Might be something to look into if you haven’t solved THAT particular mystery yet…
I’m glad to hear your opinion on this.
I keep thinking I should want to get a CGM, but I just keep putting off thinking more about it.
We did the iPro a while back and it completely traumatized my daughter. She is not used to having a medieval device used for insertion (like with some pumps) because we use the OmniPod. Insertion of the iPro was painful, she bled, and she screamed. Because of the insertion experience she says she does not ever want to wear a CGM.
I’m waiting for OmniPod and CGM integration because only then will I consider it. And that itself poses an inconvenience because currently she doesn’t have her PDM on her person every minute of the day. We only take it out of her supply bag when needed.
Of course there are times, like in the middle of the night, that I wish she had a CGM. But I also know how OCD I can be and I think it might be TMI for me.
wow, i am sorry to hear that. i wish you loved it like i do! i has lowered my A1C considerably. i can’t imagine what i’d do without it!
I wonder if part of your problem with lag time has to do with wearing the Dexcom on your arm (remember the issue with alternate site bg testing). Just a thought.

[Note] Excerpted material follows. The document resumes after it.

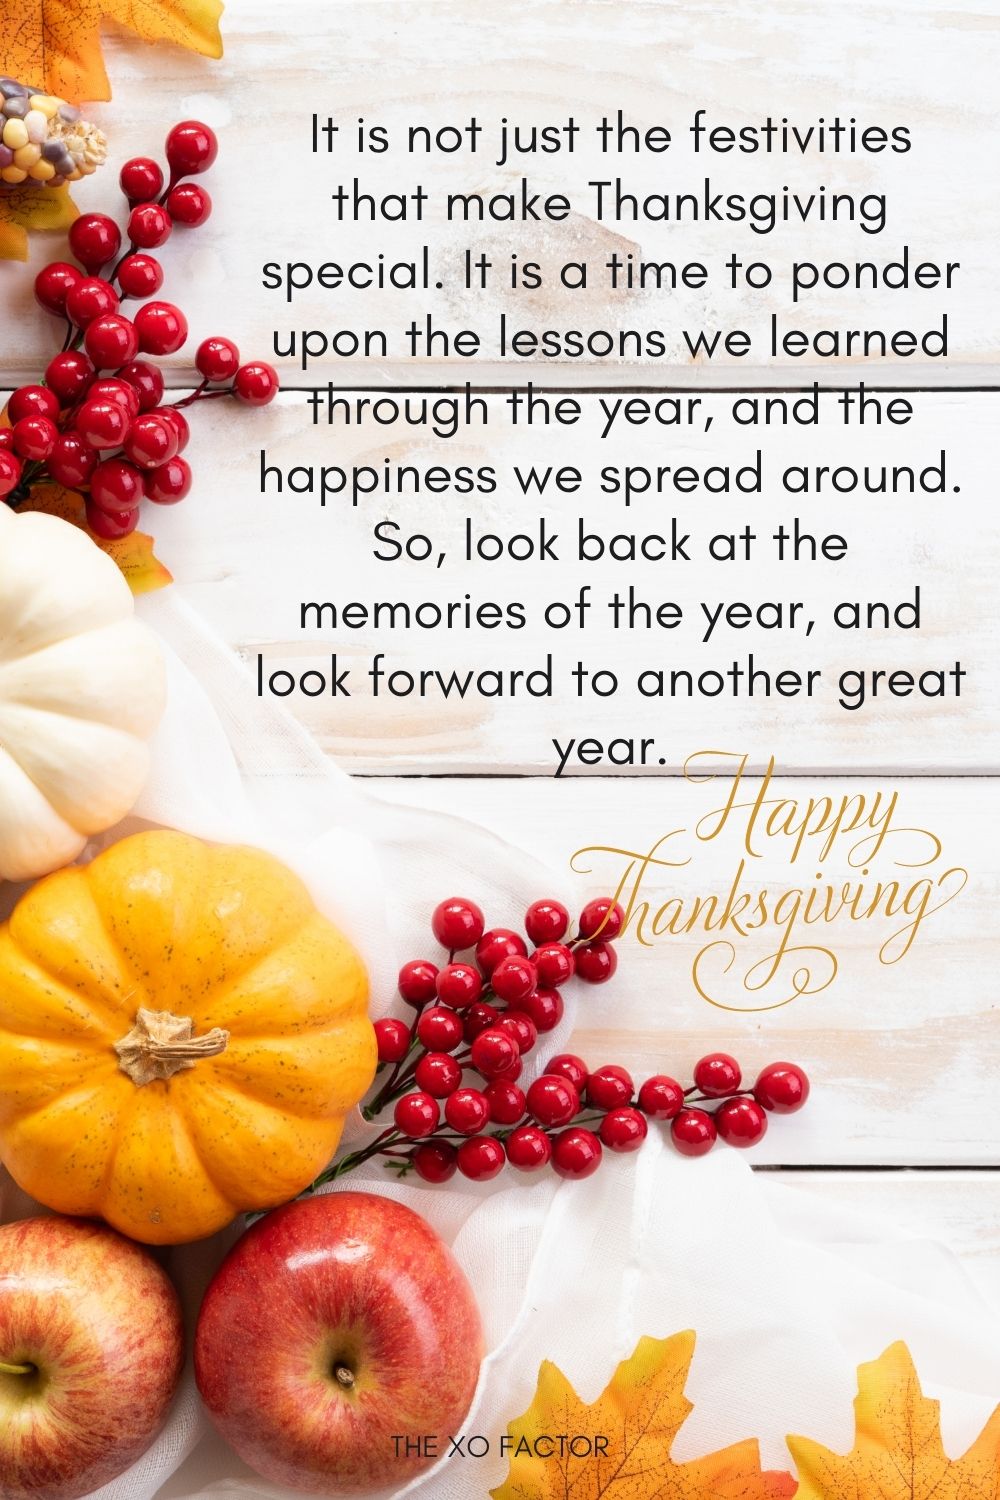 It is not just the festivities that make Thanksgiving special. It is a time to ponder upon the lessons we learned through the year, and the happiness we spread around. So, look back at the memories of the year, and look forward to another great year.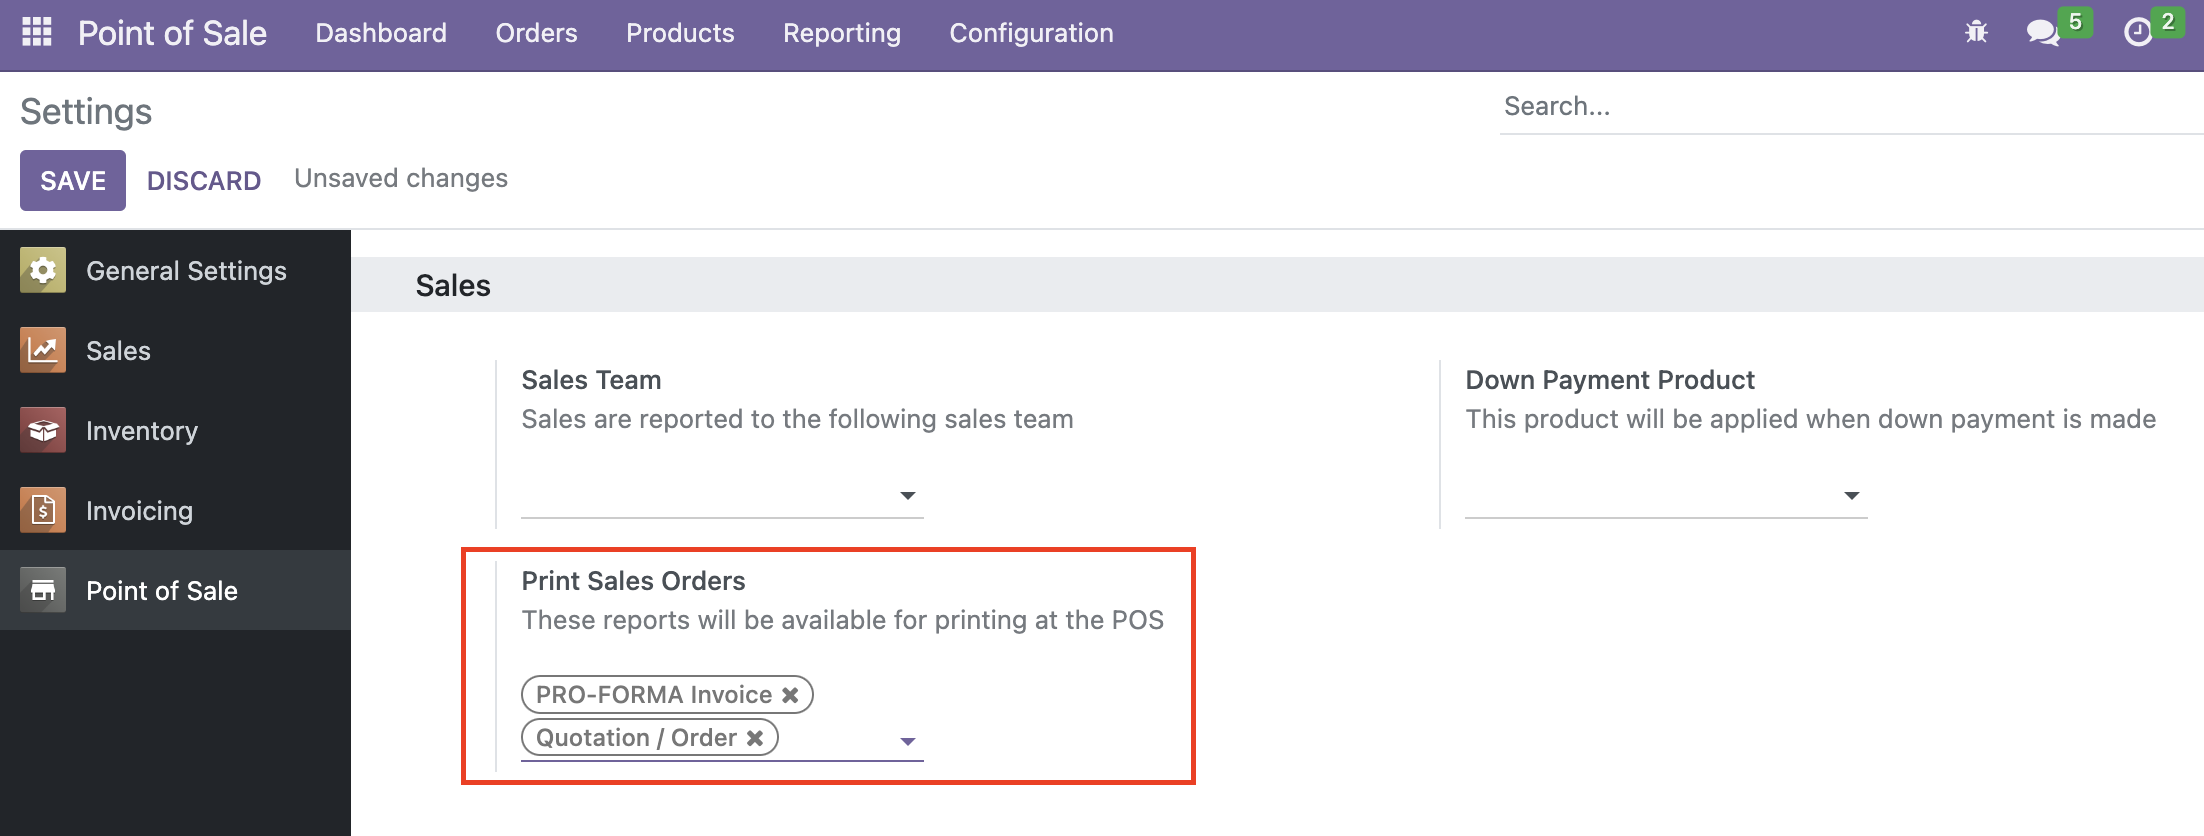 https://raw.githubusercontent.com/OCA/pos/16.0/pos_sale_order_print/static/img/pos_config.png

For those who had a painful/bloody sensor experience, my patients do report that this varies considerably with brand of CGM. The comment about dermographia is very insightful.

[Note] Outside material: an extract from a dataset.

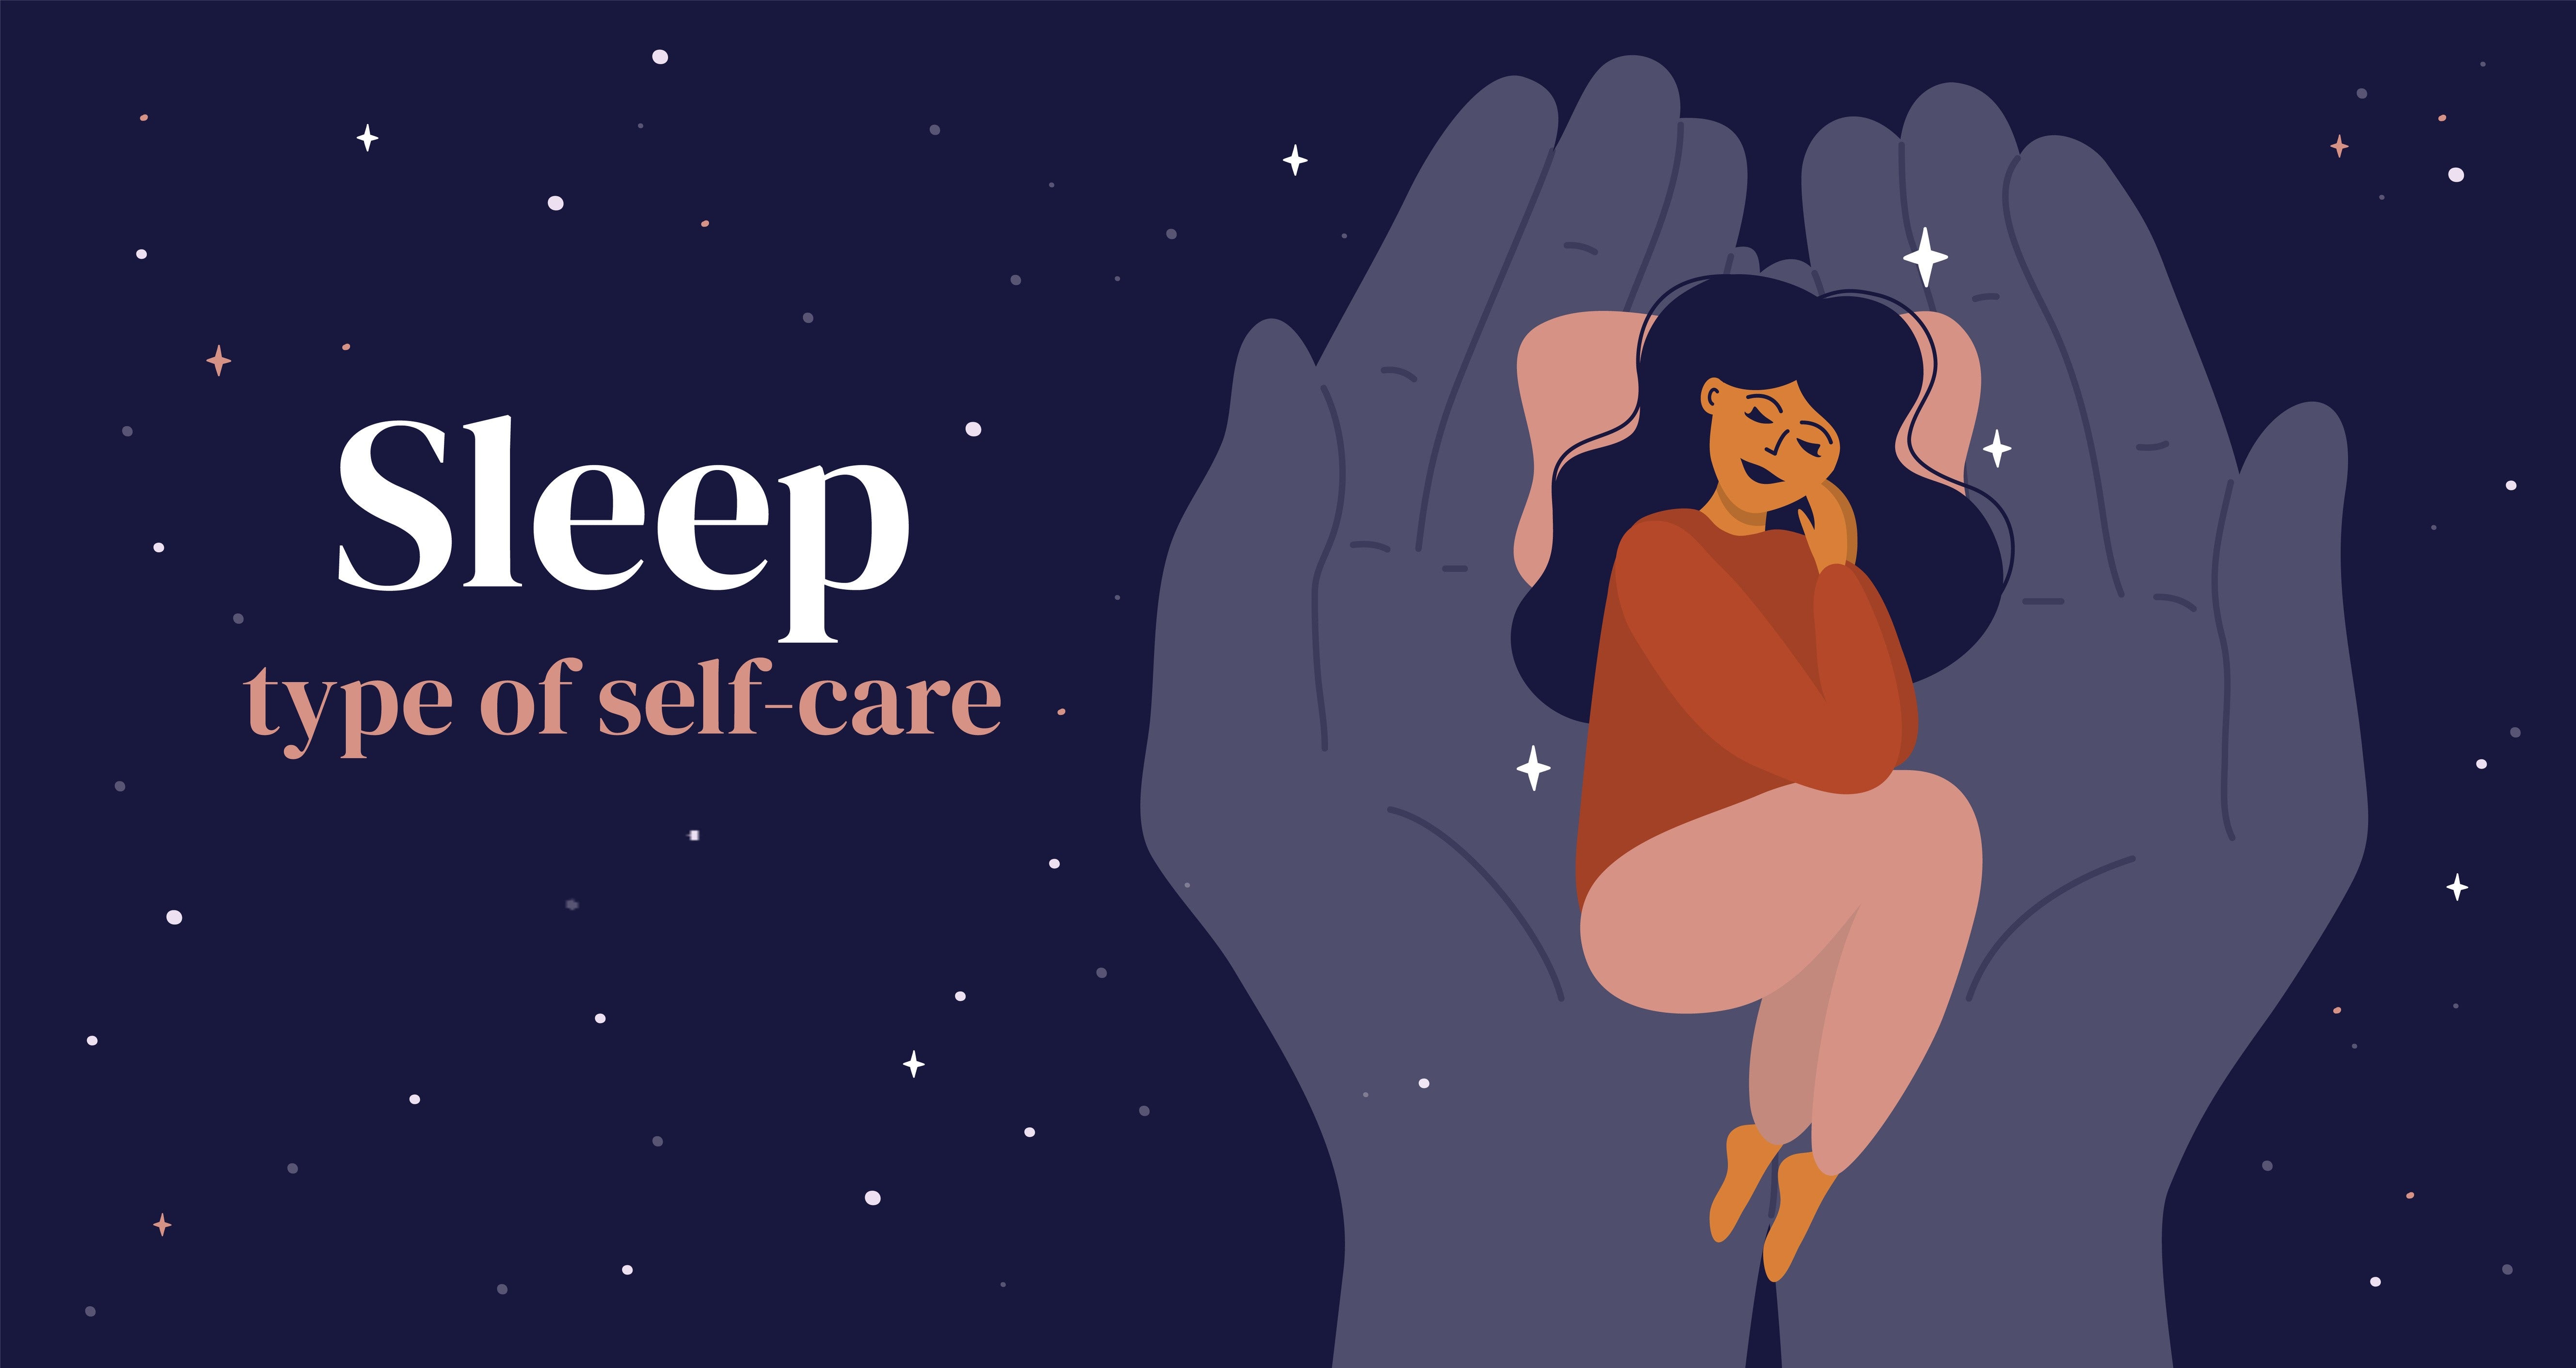 What's Your Beauty Sleep Number? Calculate How Much Shut-Eye You Really Need

Thanks. I learn so much from your blog.
I think I would rather have my CGM than an insulin pump. I wear both and love both but the information the Dexcom gives me is so much more important for my health.
I don’t even need numbers if I can see trends. It makes my fingerstick numbers come alive!
But as always, to each his or her own!!!
I have a love/hate relationship with my Dexcom. At first when I got it I had high hopes that it would make managing my diabetes lots easier. To some extent that is true. OTH…..many of the same reasons Amy has mention apply to me also. My skin is very sensitive to adhesives plus I’m just tired of having ‘one more thing’ to manage and keep track of. Maybe I just need a CGM holiday.
While using a CGM for 8 months last year, I felt like a volunteer in a trial run of a new product. Surely this could not be a device that was approved by the AMA. So many errors and such difficulties were involved. I could get reasonably close agreement with my glucometer about 60% of the time, but when I was outside my comfort range (70-130) the CGM gave me wild numbers most of the time. I wanted a CGM that would warn me when I was outside my range, but it was not accurate at those times, so I felt it was a useless device for me. False alarms at night that kept my wife and me awake forced me to turn off the CGM and use it only during the day. Then we were informed that our insurance would not cover the CGM as of November 1, 2010. It was almost a relief. I have not used the CGM since that time.
I am especially concerned about the automatic pancreas (AP) that I have heard so much about. Certainly a CGM will be an integral component of that device. The AP is supposed to feed us insulin when we are experiencing high blood sugar, and glucagon when we are experiencing low blood sugar. That sounds fantastic, but what is the component that will determine when we are low, or high? A CGM, of course. If the CGM component in the AP is no more accurate than the CGM I have used, then the AP could give us insulin when we are not high, and glucagon when we are not low. That scares me!!!